### Recorded information
[Start of Attachment]
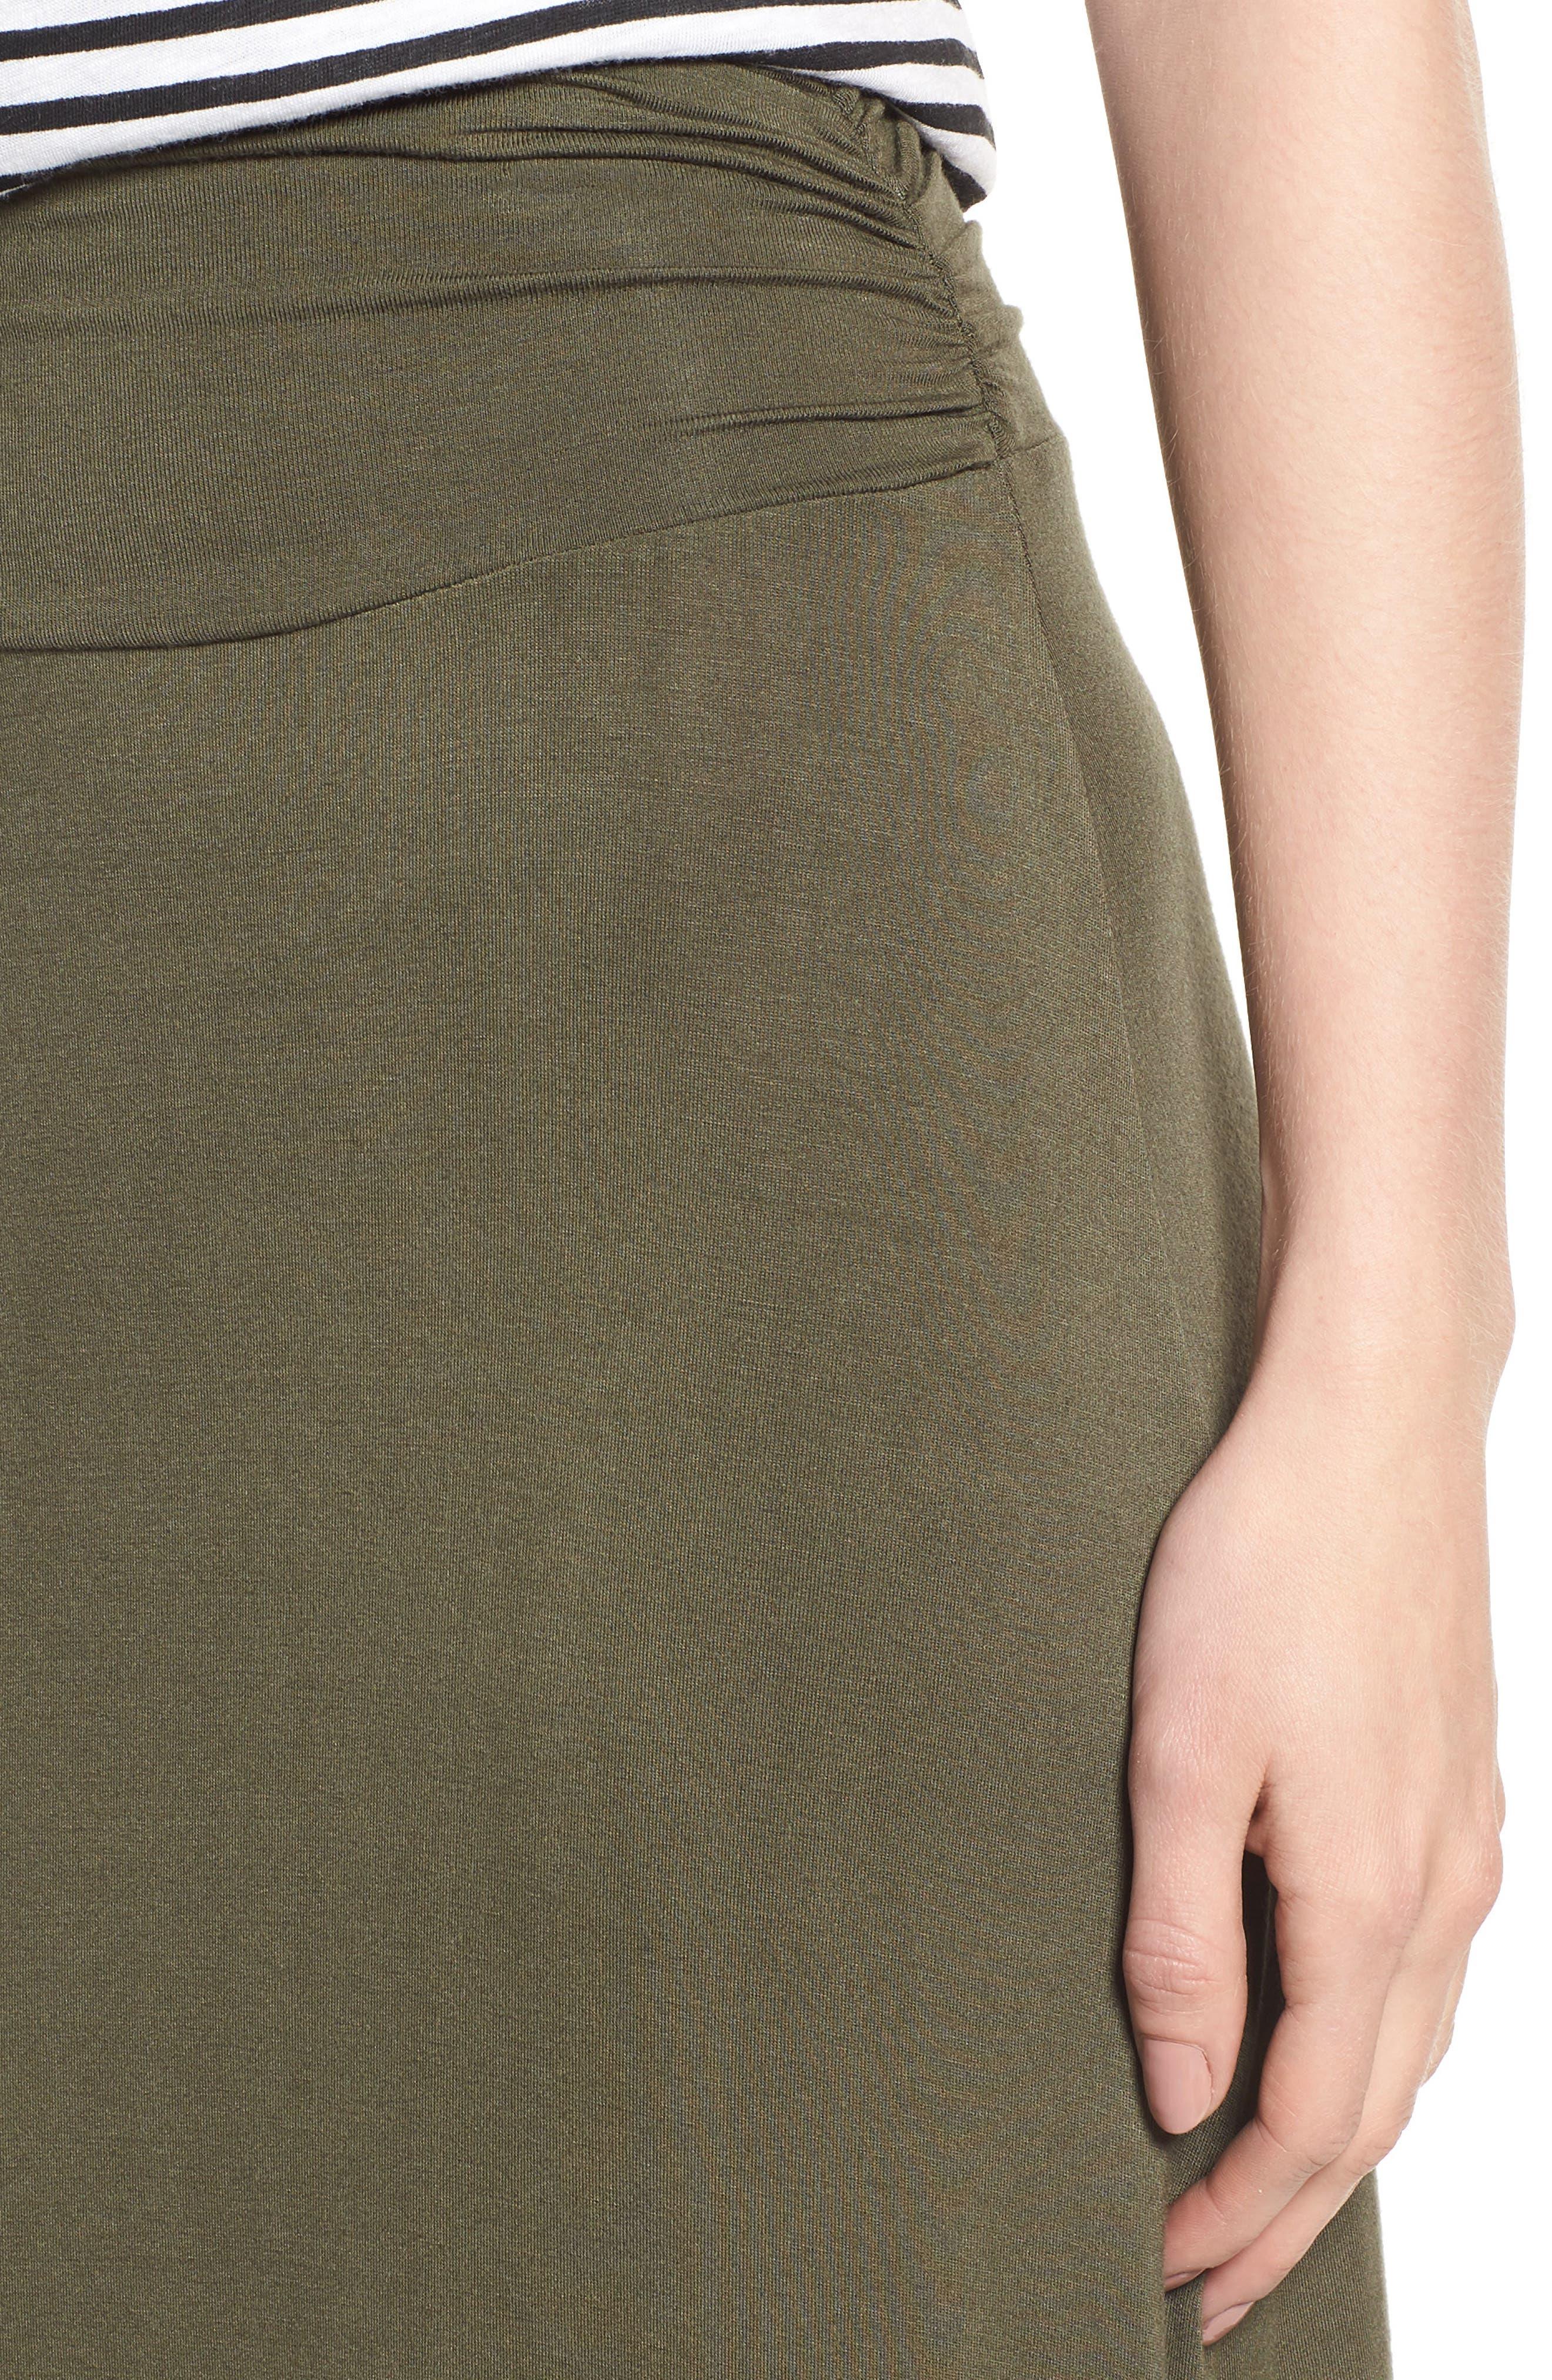 Ruched Waist Side Slit Maxi Skirt,                             Alternate thumbnail 4, color,                             302
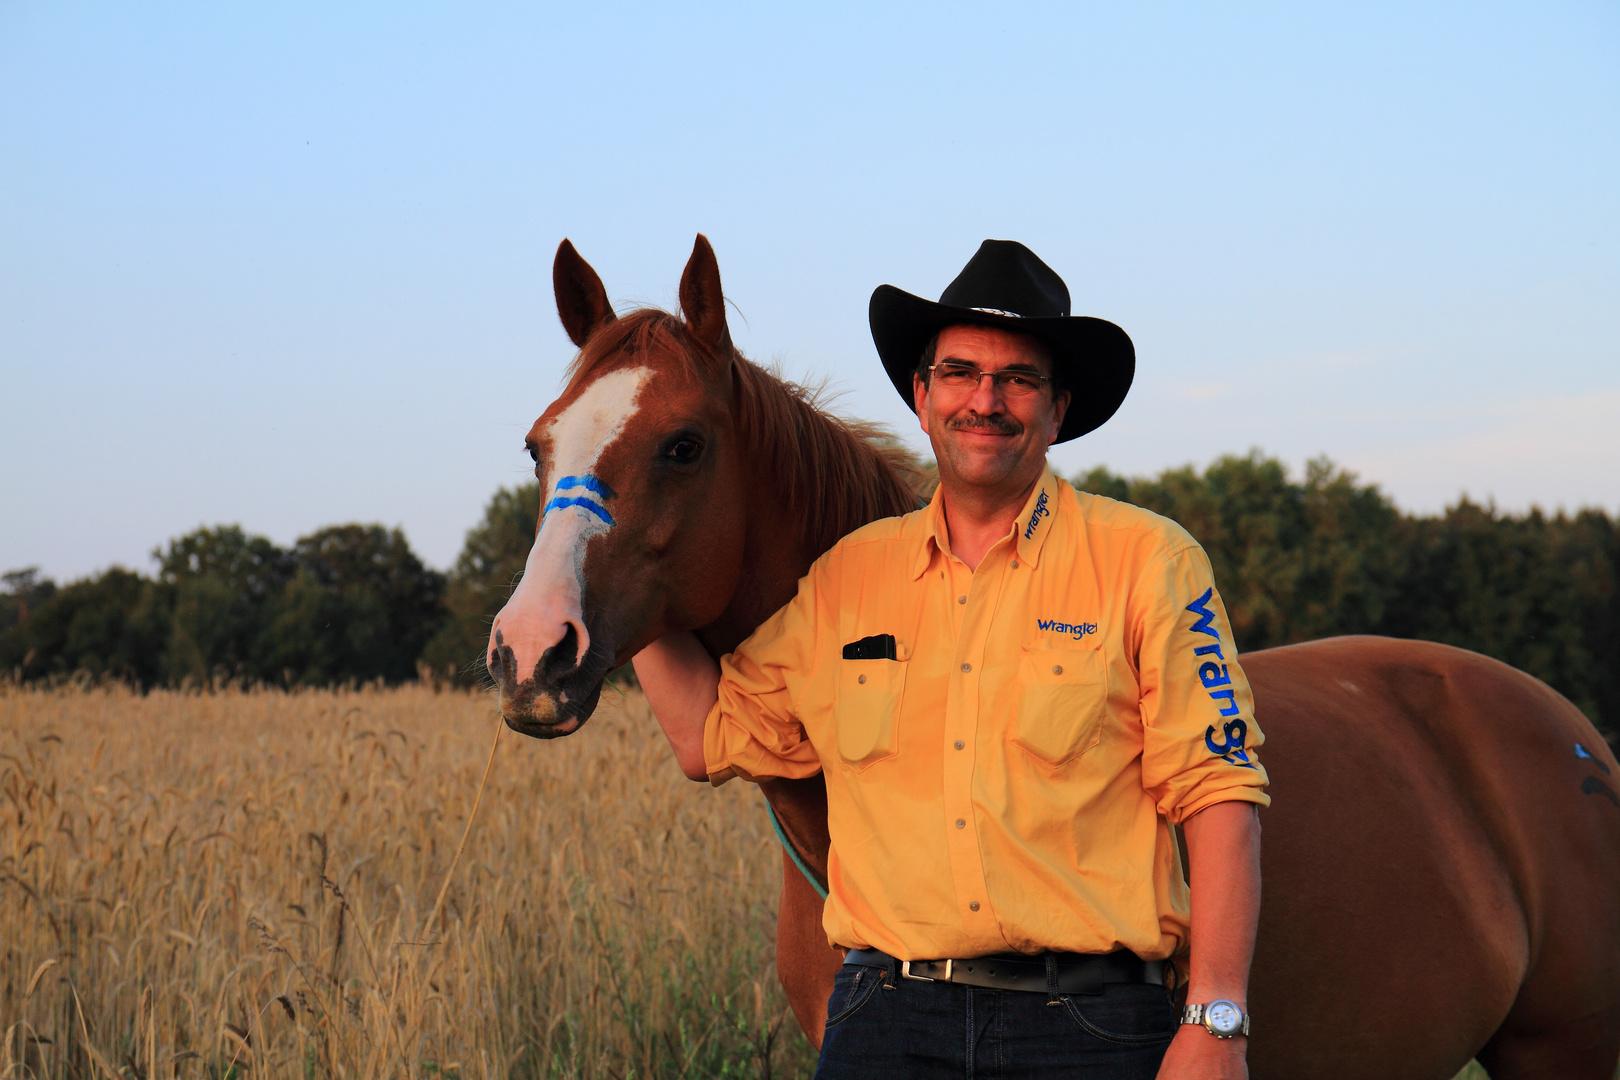 Mann mit paint horse auf dem Feld 2014 Spätsommer
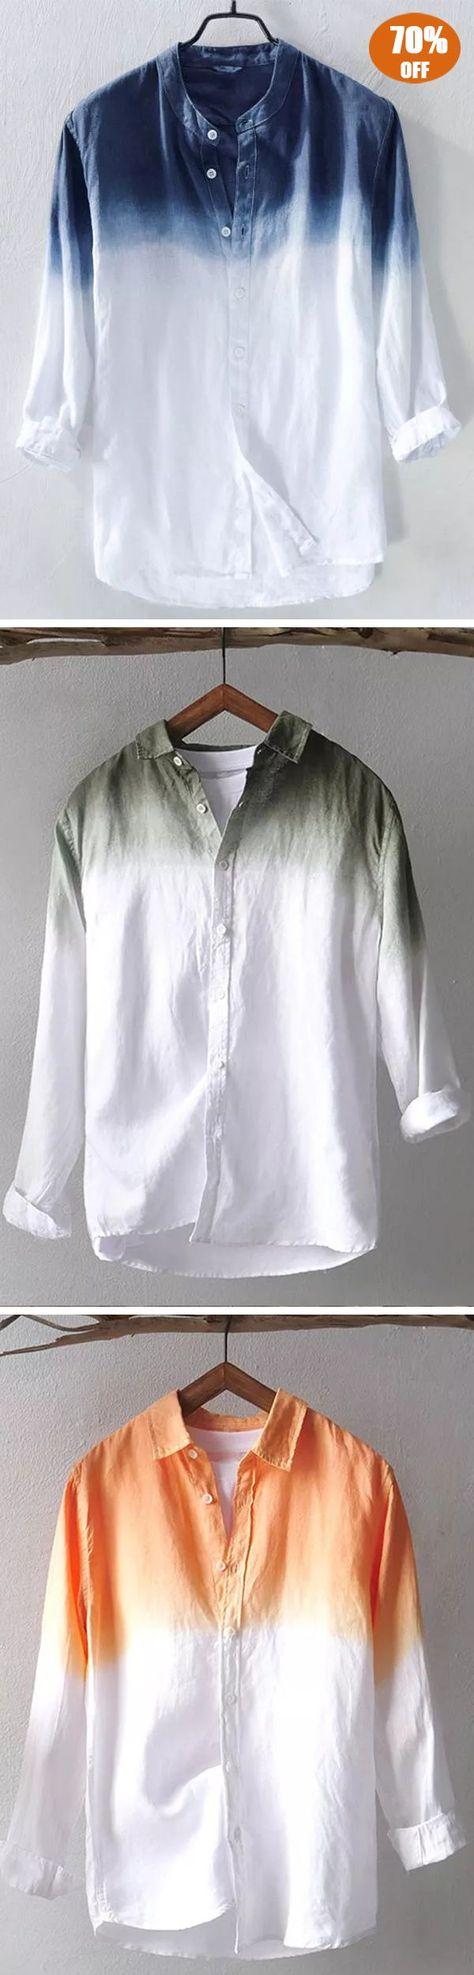 Arilce Goldwing-Retro Men Polo Shirt Short Sleeve Lapel Blouse Black
[End of Attachment]
Reproduce the entire listing above precisely, but keep the images out.

### Worked solution
 Ruched Waist Side Slit Maxi Skirt,                             Alternate thumbnail 4, color,                             302
 Mann mit paint horse auf dem Feld 2014 Spätsommer
 Arilce Goldwing-Retro Men Polo Shirt Short Sleeve Lapel Blouse Black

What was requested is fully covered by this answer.